This works because all fixnums are tagged with three 0 bits and bitwise logical OR with something not a fixnum would introduce some 1 bits. Chez Scheme is careful to never create non-fixnum objects with three lower 0 bits.

Starting with Z3Py

Let us have a look at how to enter this system into Z3 via Z3Py. Z3 is an MIT-licensed theorem prover from Microsoft Research. The native language of Z3 is actually SMT-LIB, but I will use Z3Py here because I find it helps with writing logic at a higher level. Z3Py is available in many Linux distributions, including Debian: apt-get install python-z3 (currently Python 2.7 only).

So what does Z3 actually do? Think of it as a tool that does a brute force search through a whole problem space, looking at every possible model that satisfies a set of constraints, but that it also knows a lot of shortcuts that speed up the search. If you gave it the assertion x + 1 = 2 it would be clever enough that it would not need to go and search through all possible values of x until it found x = 1 (but in some situations would do basically this).

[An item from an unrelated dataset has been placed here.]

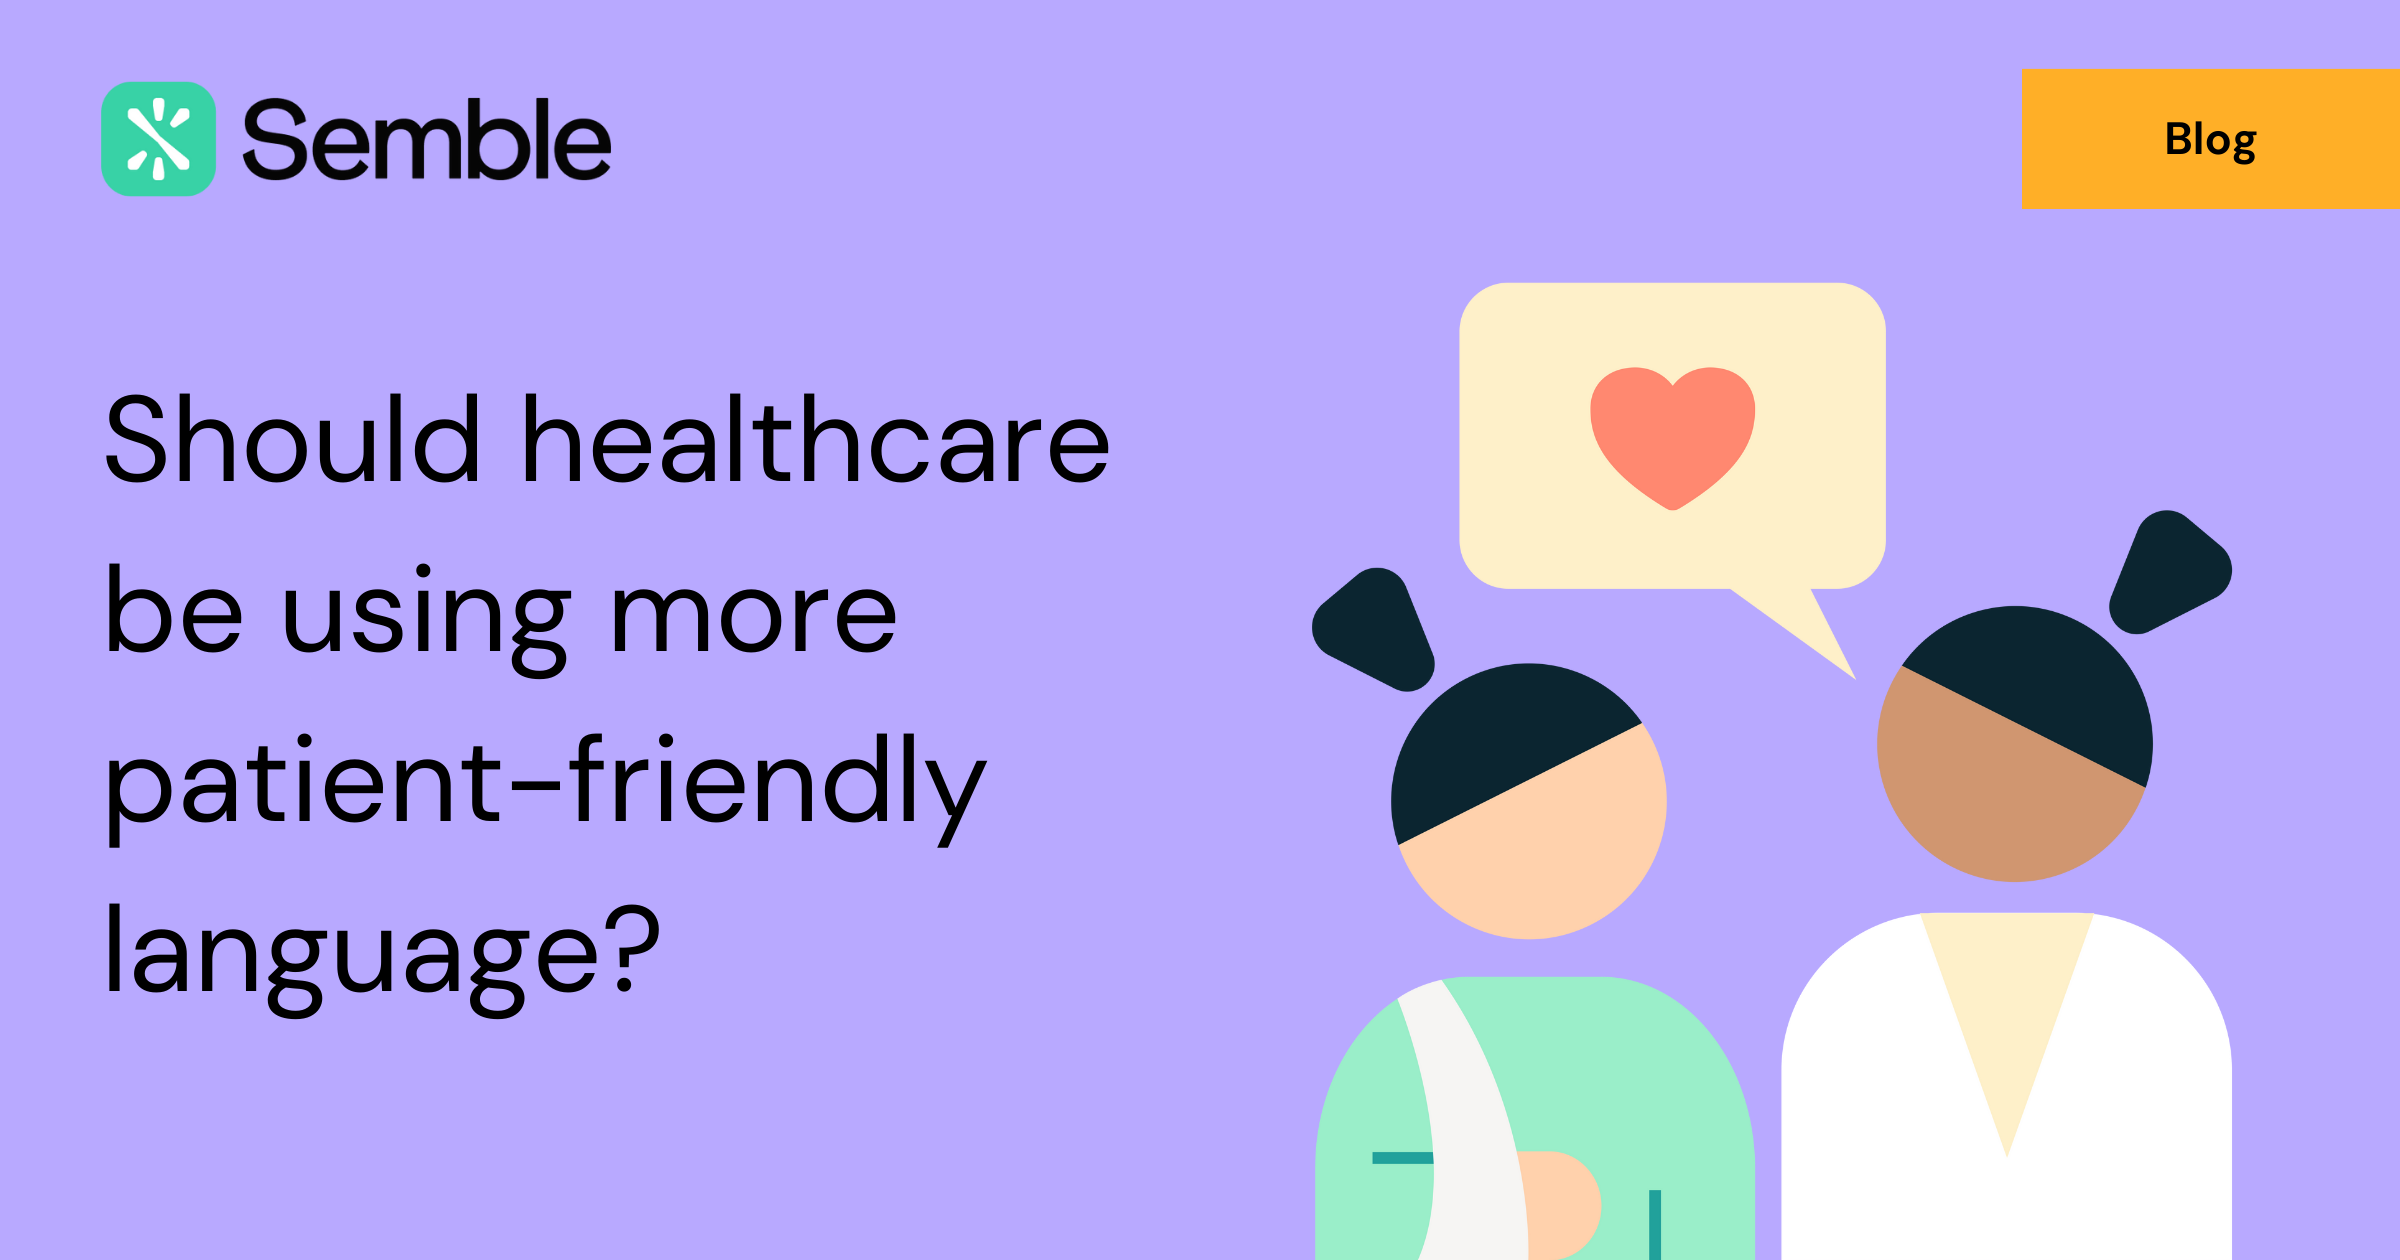 Should healthcare professionals use more patient-friendly language?

Back to tagging. One interesting property of tagging fixnums with 0 bits is that addition can be performed without masking away the tag bits. This Z3Py script checks this property:

from __future__ import print_function
from z3 import *

# We want fixnums to be tagged with some three low bits.
tag_fixnum = BitVec('tag-fixnum', 64)
mask_fixnum = BitVecVal(0b111, 64)

# Keep these ordered.
tags = ( tag_fixnum, )
masks = ( mask_fixnum, )

# Create a solver.
s = Solver()

# Two fixnums can be added and the result is a fixnum.
x = BitVec('x', 64)
y = BitVec('y', 64)
s.add(ForAll([x, y],
             Implies(And((x & mask_fixnum) == tag_fixnum,
                         (y & mask_fixnum) == tag_fixnum),
                     ((x + y) & mask_fixnum) == tag_fixnum)))

print(s.sexpr())
print(s.check())
print(s.model().sexpr())

The BitVec objects here are bit-vector variables in the model, representing some 64-bit value and BitVecVal is a 64-bit constant. The argument to s.add is read as: for all x and for all y it is true that x and y being fixnums implies (as in P → Q) that x + y is also a fixnum. It is important to use x and y inside ForAll, otherwise Z3 will look for some specific x and y that satisfy the assertions instead of proving a model for all fixnums. (There is a missing constraint, though. Can you see it?)

When run through Python it generates this output:

(declare-fun tag-fixnum () (_ BitVec 64))
(assert (forall ((x (_ BitVec 64)) (y (_ BitVec 64)))
  (=> (and (= (bvand x #x0000000000000007) tag-fixnum)
           (= (bvand y #x0000000000000007) tag-fixnum))
      (= (bvand (bvadd x y) #x0000000000000007) tag-fixnum))))

sat
(define-fun tag-fixnum () (_ BitVec 64)
  #x0000000000000000)

The first part is the solver in the SMT-LIB language and sat means it is satisfiable. That it is satisfiable means that Z3 also found a model, which is the last output shown. Here it has assigned all 0 bits to the fixnum tag, having proved that tagging with 0 bits allows addition to work directly with fixnums. (Almost, actually. We didn’t check that addition itself actually gives the right result).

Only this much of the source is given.